Selling a premier, cash-gushing asset to fix a funding gap created by former missteps isn't usually a well-received idea. That's especially true when the received cash will be used to pay for the development of an asset that doesn't currently produce that much cash. It's no wonder why the market reacted harshly to SandRidge Energy's decision to sell its Permian Basin assets to fund the development of its Mississippi Lime acres. That decision when combined with its string of miscues since going public in 2007 has left investors with without much to reason to celebrate.
Those former missteps, when combined with an all-in bet on the Mississippi Lime, have caused the market to be skeptical of the company's ability to pull off this transition into a fast-growing, liquids-focused production company. Some investors are betting heavily that the plan will fail, with more than 15% of the publicly traded float being sold short as of the end of last year. Is the market missing this company's true potential to finally unlock value for investors?

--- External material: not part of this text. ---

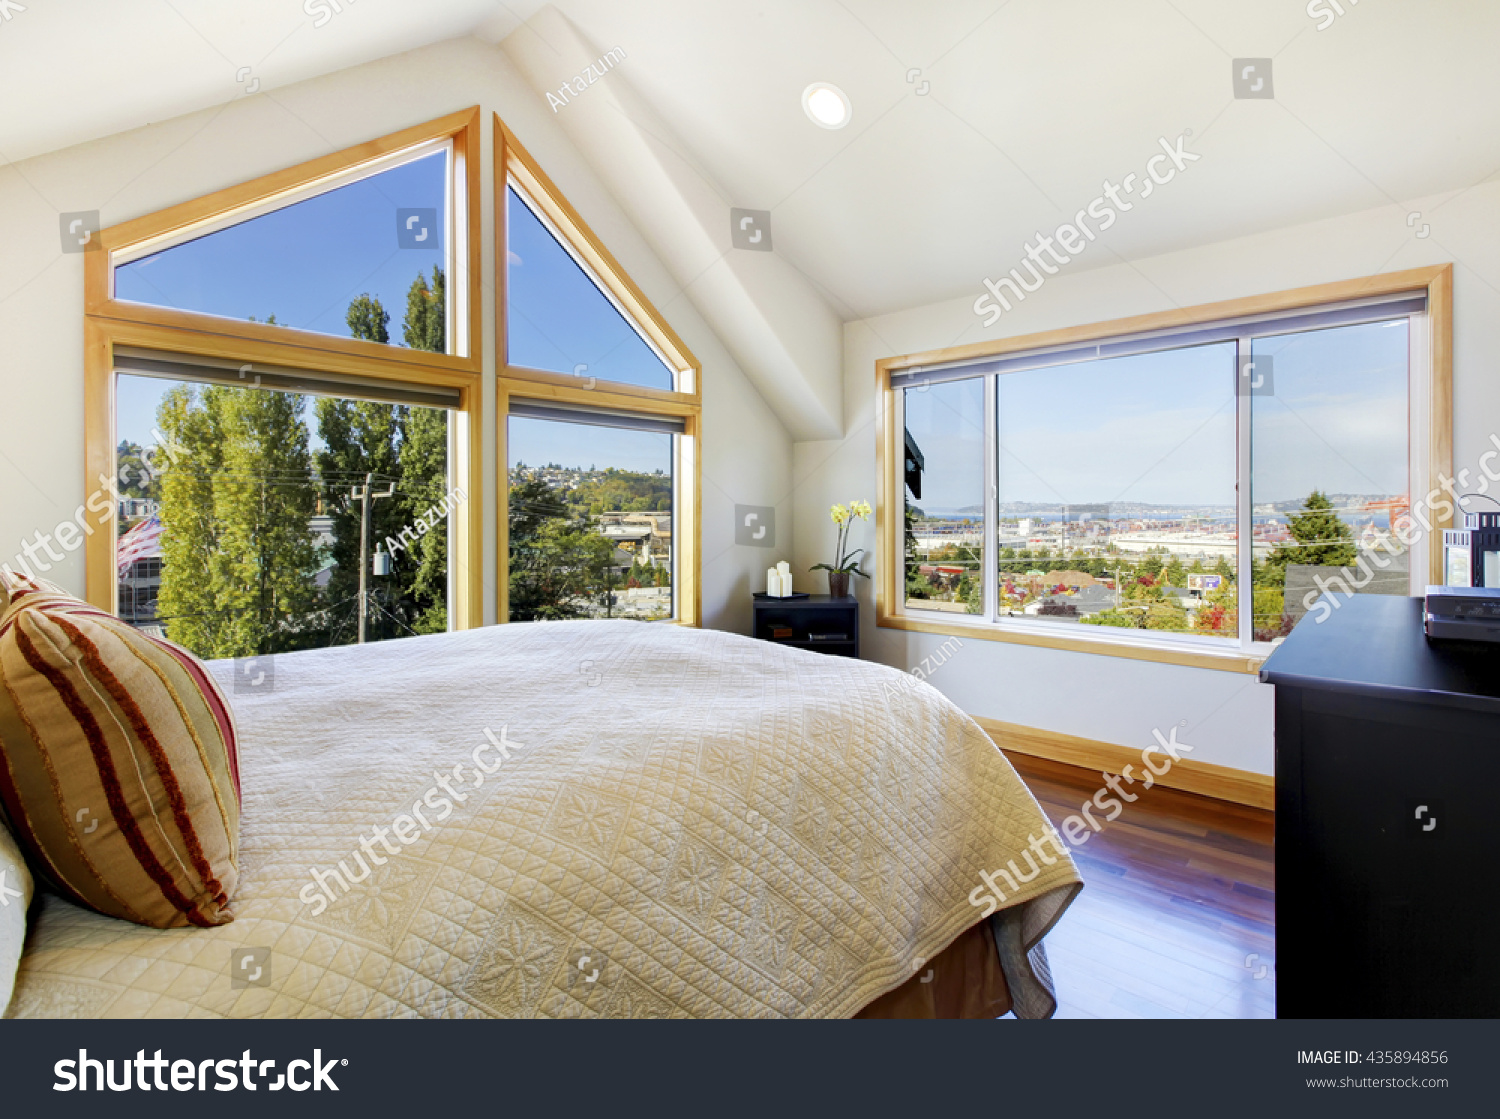 Stock Photo Shiny And Bright Bedroom With Vaulted Ceiling And Beautiful View 435894856

SandRidge's plan to sell the Permian Basin assets and use the money to fund the development of its acreage in the Mississippi Lime play didn't sit well with investors. One of its largest investors, TPG-Axon, is fed up and taking that battle public with a recently launched proxy battle to oust the board. However, given the company's limited options to raise capital, the deal does make sense if the Mississippi Lime becomes the growth driver that management thinks it will be.
Of course the company wouldn't have had to sell such a prized asset if it had other options to raise capital. That's in the past and the sale, when taken with its current liquidity has enabled the company to fully fund its capital expenditures through 2014. Basically SandRidge traded a known cash-flowing asset for the ability to invest in an asset that it believes will produce even more future cash flows.
The Mississippi Lime
The play was initially discovered by Chesapeake Energy in 2007 and it remains among the industry's largest leasehold owners with about 2 million net acres. As of the end of the third quarter it had 227 producing wells with a production mix of 41% oil, 10% natural gas liquids, and 49% natural gas. Chesapeake has its own funding issues, and it's looking for a joint venture partner, or to sell a portion of its leasehold in the first half of this year.
Range Resources also has a position in the play, though much smaller at 157,000 net acres. However, the company estimates that this is a billion barrel of oil equivalent field net to the company. It sees this as a high-return project, which is currently generating an internal rate of return of over 120%. Both Range and Chesapeake both see the play as a key growth driver going forward, but neither is betting as heavily on the play as SandRidge.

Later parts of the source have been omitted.